The idea sounds rather disquieting, but actually it wouldn’t be anything else than the acutization of what happens today. In this sense we could say that the future is already now. The only difference would be that, if today the percentage real jobs vs artificial jobs is something like 30% vs 70%, in the future it could lean even more toward the artificial jobs, and become something like 5% vs 95%. Within the small percentage of real jobs that will survive in the future, probably there will only be jobs in which the “human factor” (imagination, creativity, emotions) is an advantage not challenge-able by robotic efficiency.

So as a quick recap, in this first scenario many humans would continue to work also in the future, either to escape from free time or because they would continue to believe that they have to work. This implies that they would continue to adopt the concept of job that exists now (it’s “job” if it’s compensated with money), and implies that they would continue not to realize that by working for money, in a financial system similar to the existing one, they basically play a poker game rigged to their disadvantage.

It’s the scenario I’m less attracted to, because it involves a very unaware future humanity, but it still holds some positive aspects, especially for that minority of people that will decide not to work. In fact, since everybody else will be busy with their jobs, for those who will have more free time there will be more opportunities available, less competition, less traffic, less lines, and so on.

Humans will stop working

The second possibility comes from a more radical transformation of consciousness, and I believe that it’s also the most likely scenario. In fact, I would tend to give for a fact that we will go toward this scenario in the future, if it wasn’t that the question “but then why it didn’t happen already?” makes me cautios. My impression is that a transformation will take place, but much more slowly than some people predict.

In this vision, people will abandon in mass the things that today are considered jobs. Willingly or not, unemployment will come for nearly everyone: some will abandon their jobs consciously and voluntarily, others instead will be pushed into unemployment by the robots, by profound changes in money (maybe from fiat to cryptocurrency), by entrepreneurs that will make energy abundant and accessible, by smaller and more efficient governments.

Those that will be pushed into unemployment, probably, will try more than the others to keep alive a market of fake jobs, that unlikely will disappear completely. The others however will have finally surrendered to the obviousness: in a world that is highly technological and abundant of goods and services, easily produced by the robots and accessible to everyone, the old concept of job doesn’t make sense anymore: its motivation to exist, simply, disappeared.

So all these people will find themselves in front of the same question that I faced already few years ago, when I quit my job: what do I do during the day? Until today, for many people this question would probably sound as threatening: they would associate it immediately to the question how would I avoid boredom? It’s from here, in fact, that begins the search for distractions, for activities that “keep us busy” (as many existing jobs are, at this point).

But what will happen in the future, if people will look inside this boredom, instead of trying to avoid it with entertainment? In fact, if fake jobs will have lost any credibility as option of partial time-fillers, extending the television fictions and the videogames to the whole time could feel as unsatisfactory for many people. Even traveling in the real world, an activity that many fantasize to do “if it wasn’t for the job”, if done constantly could not dissipate the feeling of a lack of purpose.

What do I do with my time? is a difficult question -even existential– since inevitably it originates other questions in chain: what do I do with my life? and so what is the meaning of life? In front of this last question a huge number of people could land in the future, a lot more than today. And from the great variety of answers that will come, the planet and the society could really be transformed in unpredictable ways.

It’s possible that, after several reflections, many people will reach a conclusion similar to the one that I reached: unless we decide to live life waiting for the manifestation of some “divinity” or “superior authority” to reveal to us a universal meaning of life, valid for the whole humanity (something that maybe, probably, will never happen) it makes sense that we assign it by ourselves, individually, a meaning to our life. The meaning we choose is exactly the meaning of life, the “right” one.

This choice will be crucial to decide if even in the future we humans will continue to do something during the day, rather than becoming an almost completely inactive species, fed by robots. Those who will take the time to decide how to use their life, will have the motivation to act.

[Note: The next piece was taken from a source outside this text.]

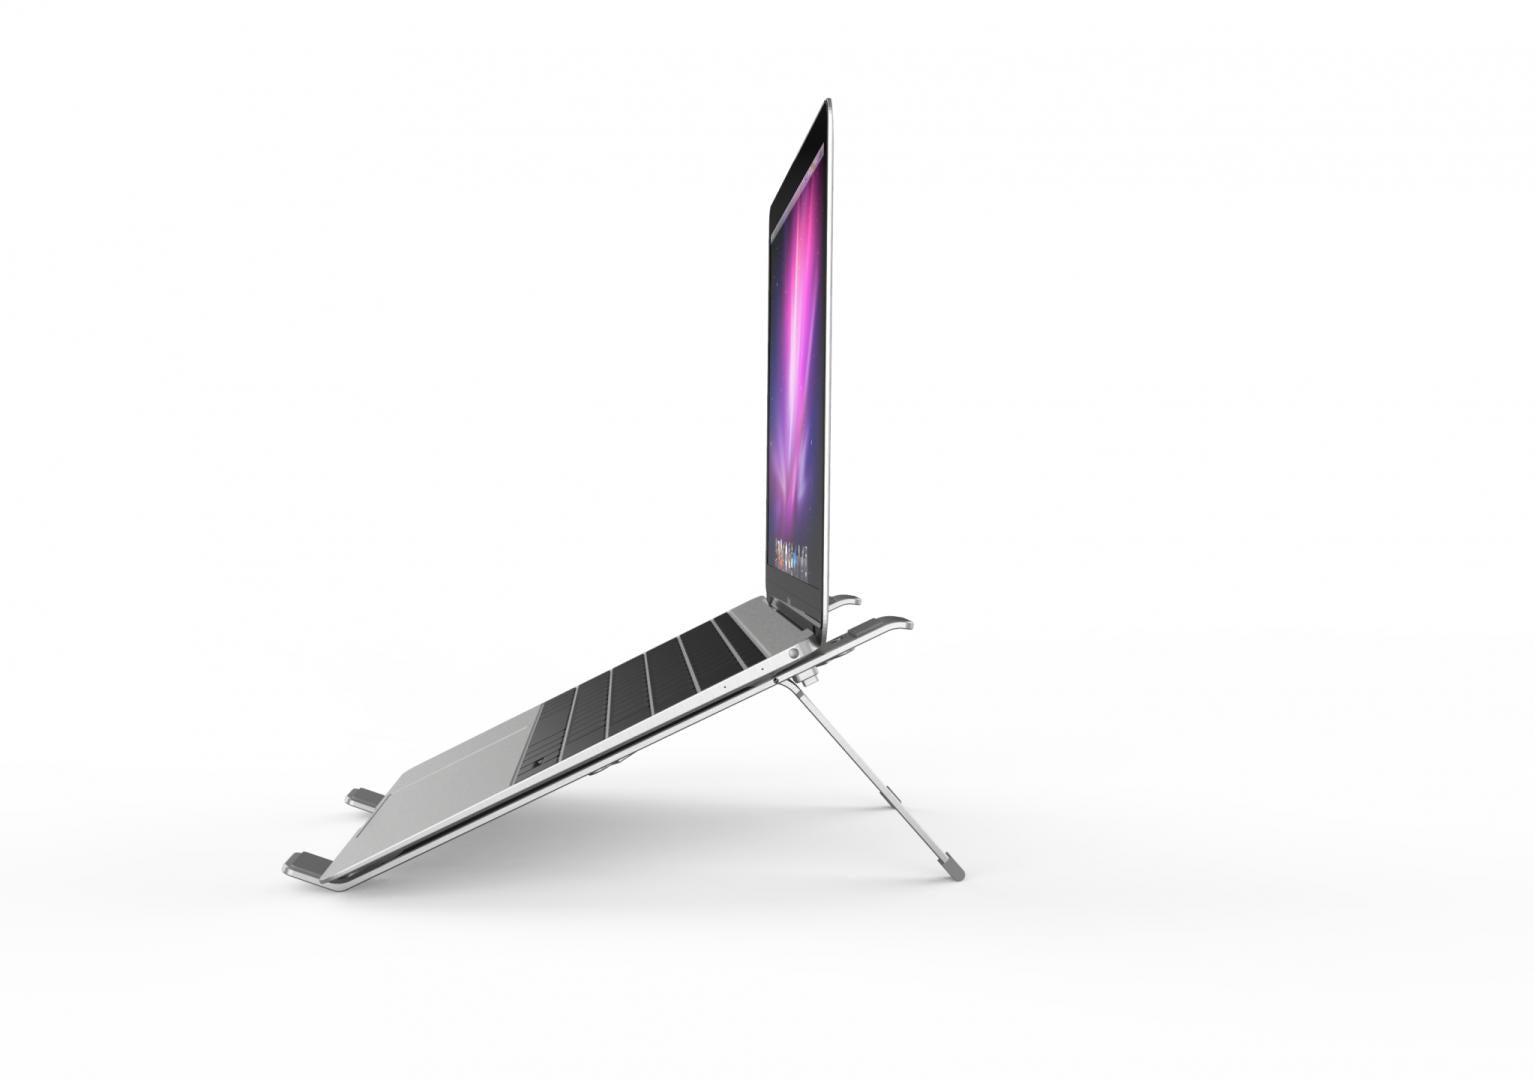 Suport laptop Serioux, SRXNCPU2, material aluminiu, dimensiune deschisă: 190x250x4mm,dimensiune pliată: 60 x 250 x 4mm, grosime: 4mm, greutate: 180g, dimensiune compatibilă: până la 15.6 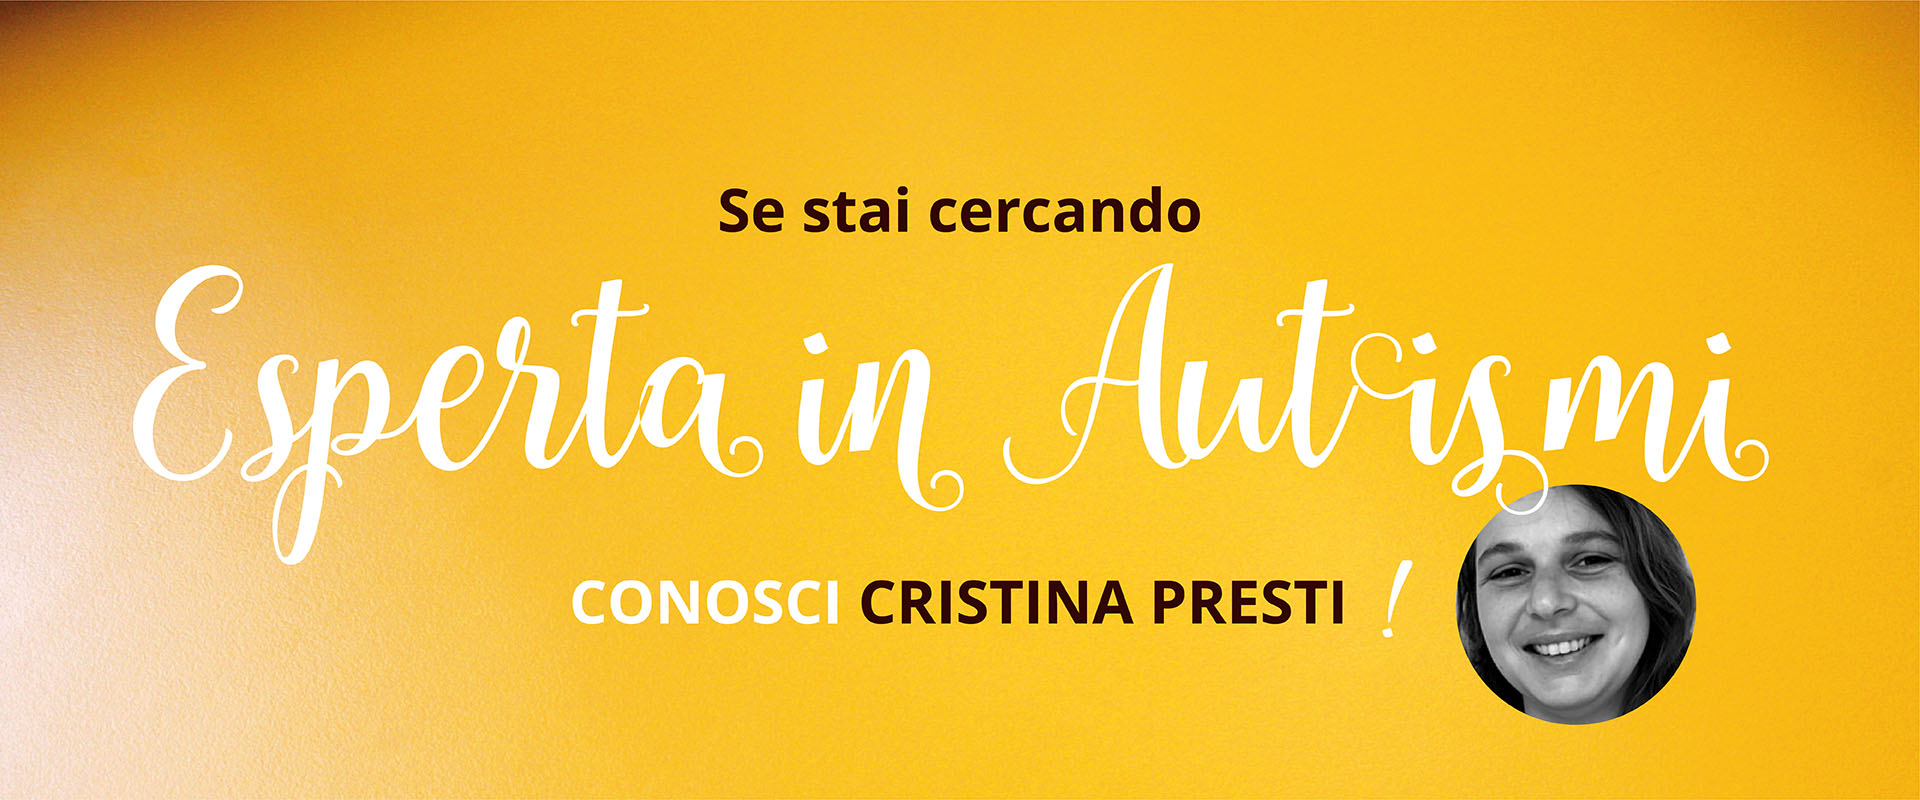 Spazio per me, Cristina Presti, Esperta in Autismi.

But at this point, these actions will be part of a totally new concept of labor, profoundly different from the previous, just because the motivation that generates it will be profoundly different. The motivation will not be anymore obtaining the “old” goods and services, at this point redundant and not really interesting, but it will be an impulse coming mostly from the inside, and not anymore from the outside.

To such a substantial change in the motivation that will generate labor, probably a substantial change in the fields toward which labor will be addressed will follow. Hard to imagine, in fact, that in a scenario where labor will be highly optional and humans will decide to work following a process of introspection, the efforts will be employed to produce souvenirs or irrelevant education. Possibly those that will get a strong momentum will be new fields like genetic experimentation, space exploration, and in particular the research on how the mind works.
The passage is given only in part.